Dimension

class csdmpy.Dimension(*args, **kwargs)[source]

Bases: object

Dimension class.

An instance of this class describes a dimension of a multi-dimensional system. In version 1.0 of the CSD model, there are three subtypes of the Dimension class:

Creating an instance of a dimension object

There are two ways of creating a new instance of a Dimension class.

From a python dictionary containing valid keywords.

>>> from csdmpy import Dimension
>>> dimension_dictionary = {
...     "type": "linear",
...     "description": "test",
...     "increment": "5 G",
...     "count": 10,
...     "coordinates_offset": "10 mT",
...     "origin_offset": "10 T",
... }
>>> x = Dimension(dimension_dictionary)

Here, dimension_dictionary is the python dictionary.

From valid keyword arguments.

>>> x = Dimension(
...     type="linear",
...     description="test",
...     increment="5 G",
...     count=10,
...     coordinates_offset="10 mT",
...     origin_offset="10 T",
... )

Attributes Summary

type

The dimension subtype.

description

Brief description of the dimension object.

application

Application metadata dictionary of the dimension object.

coordinates

Coordinates, \({\bf X}_k\), along the dimension.

coords

Alias for the coordinates attribute.

absolute_coordinates

Absolute coordinates, \(\bf X_k^{\rm{abs}}\), along the dimension.

count

Number of coordinates, \(N_k \ge 1\), along the dimension.

increment

Increment along a linear dimension.

coordinates_offset

Offset corresponding to the zero of the indexes array, \(\mathbf{J}_k\).

origin_offset

Origin offset, \(o_k\), along the dimension.

complex_fft

If true, the coordinates are the ordered as the output of a complex fft.

quantity_name

Quantity name associated with the physical quantities specifying dimension.

label

Label associated with the dimension.

labels

Ordered list of labels along the Labeled dimension.

period

Period of the dimension.

axis_label

Formatted string for displaying label along the dimension axis.

data_structure

JSON serialized string describing the Dimension class instance.

Methods Summary

to

Convert the coordinates along the dimension to the unit, unit.

dict

Return Dimension object as a python dictionary.

to_dict

Alias to the dict() method of the class.

is_quantitative

Return True if the dependent variable is quantitative.

copy

Return a copy of the Dimension object.

reciprocal_coordinates

Return reciprocal coordinates assuming Nyquist-Shannon theorem.

reciprocal_increment

Return reciprocal increment assuming Nyquist-Shannon theorem.

Attributes Documentation

type

The dimension subtype.

There are three valid subtypes of Dimension class.
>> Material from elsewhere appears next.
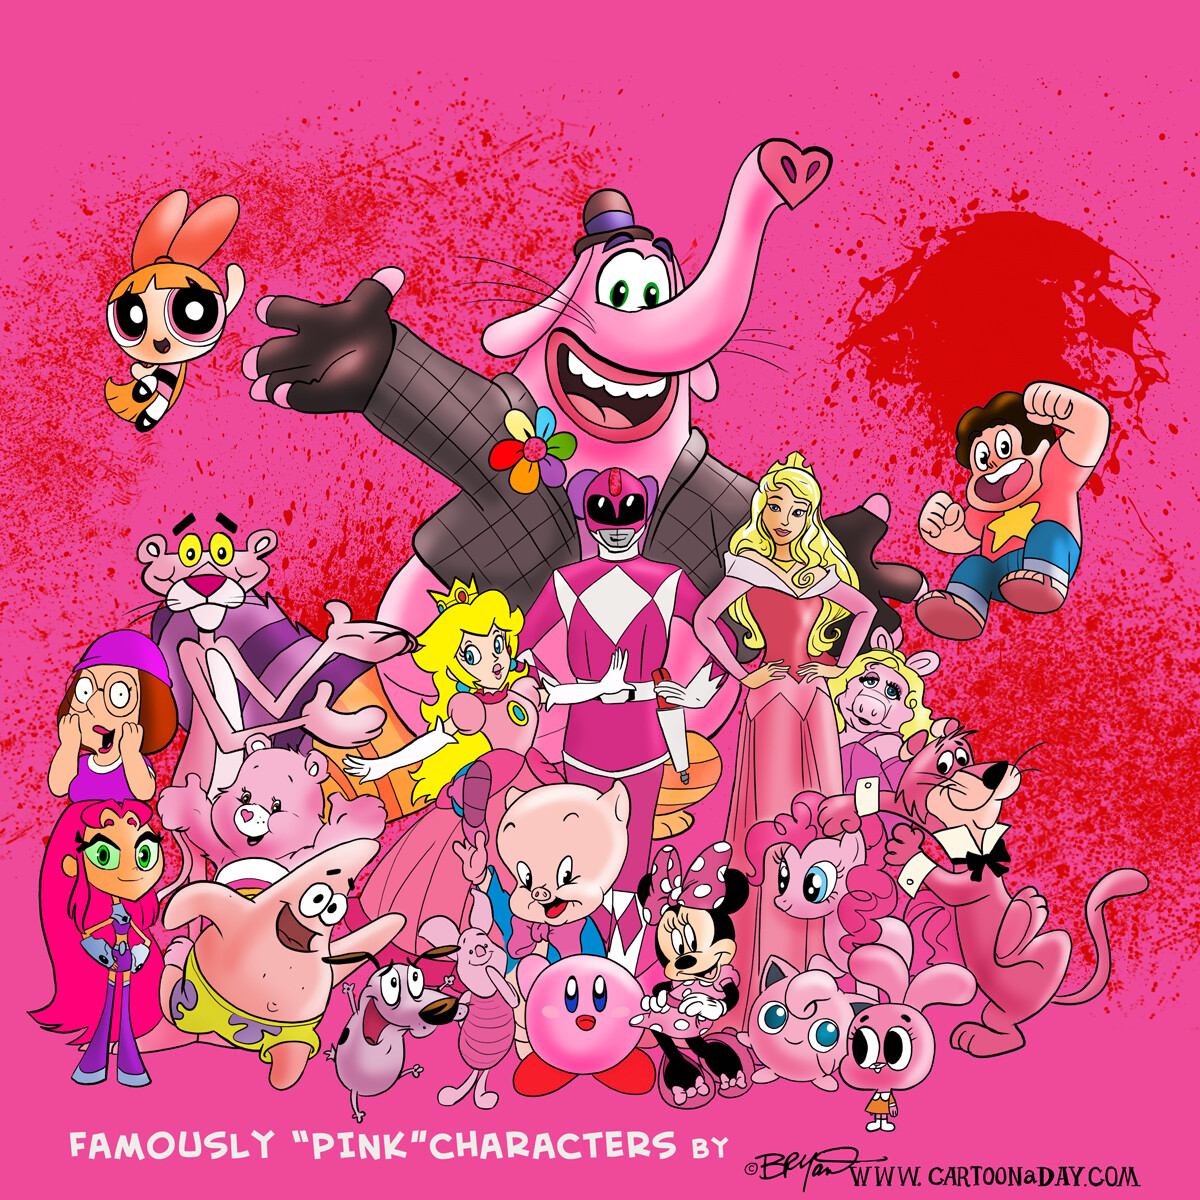 Hot Pink Characters

The valid literals are given by the DimObjectSubtype enumeration.

>>> print(x.type)
linear
Returns:

A string with a valid dimension subtype.

Raises:

AttributeError – When the attribute is modified.

description

Brief description of the dimension object.

The default value is an empty string, ‘’. The attribute may be modified, for example,

>>> print(x.description)
This is a test

>>> x.description = "This is a test dimension."
Returns:

A string of UTF-8 allows characters describing the dimension.

Raises:

TypeError – When the assigned value is not a string.

application

Application metadata dictionary of the dimension object.

>>> print(x.application)
None

The application attribute is where an application can place its metadata as a python dictionary object using a reverse domain name notation string as the attribute key, for example,

>>> x.application = {"com.example.myApp": {"myApp_key": "myApp_metadata"}}
>>> print(x.application)
{'com.example.myApp': {'myApp_key': 'myApp_metadata'}}
Returns:

A python dictionary containing dimension application metadata.

coordinates

Coordinates, \({\bf X}_k\), along the dimension.

Example

>>> print(x.coordinates)
[100. 105. 110. 115. 120. 125. 130. 135. 140. 145.] G

For linear dimensions, the order of the coordinates also depend on the value of the complex_fft attributes. For examples, when the value of the complex_fft attribute is True, the coordinates are

>>> x.complex_fft = True
>>> print(x.coordinates)
[ 75.  80.  85.  90.  95. 100. 105. 110. 115. 120.] G
Returns:

A Quantity array of coordinates for quantitative dimensions, i.e. linear and monotonic.

Returns:

A Numpy array for labeled dimensions.

Raises:

AttributeError – For dimensions with subtype linear.

coords

Alias for the coordinates attribute.

absolute_coordinates

Absolute coordinates, \(\bf X_k^{\rm{abs}}\), along the dimension.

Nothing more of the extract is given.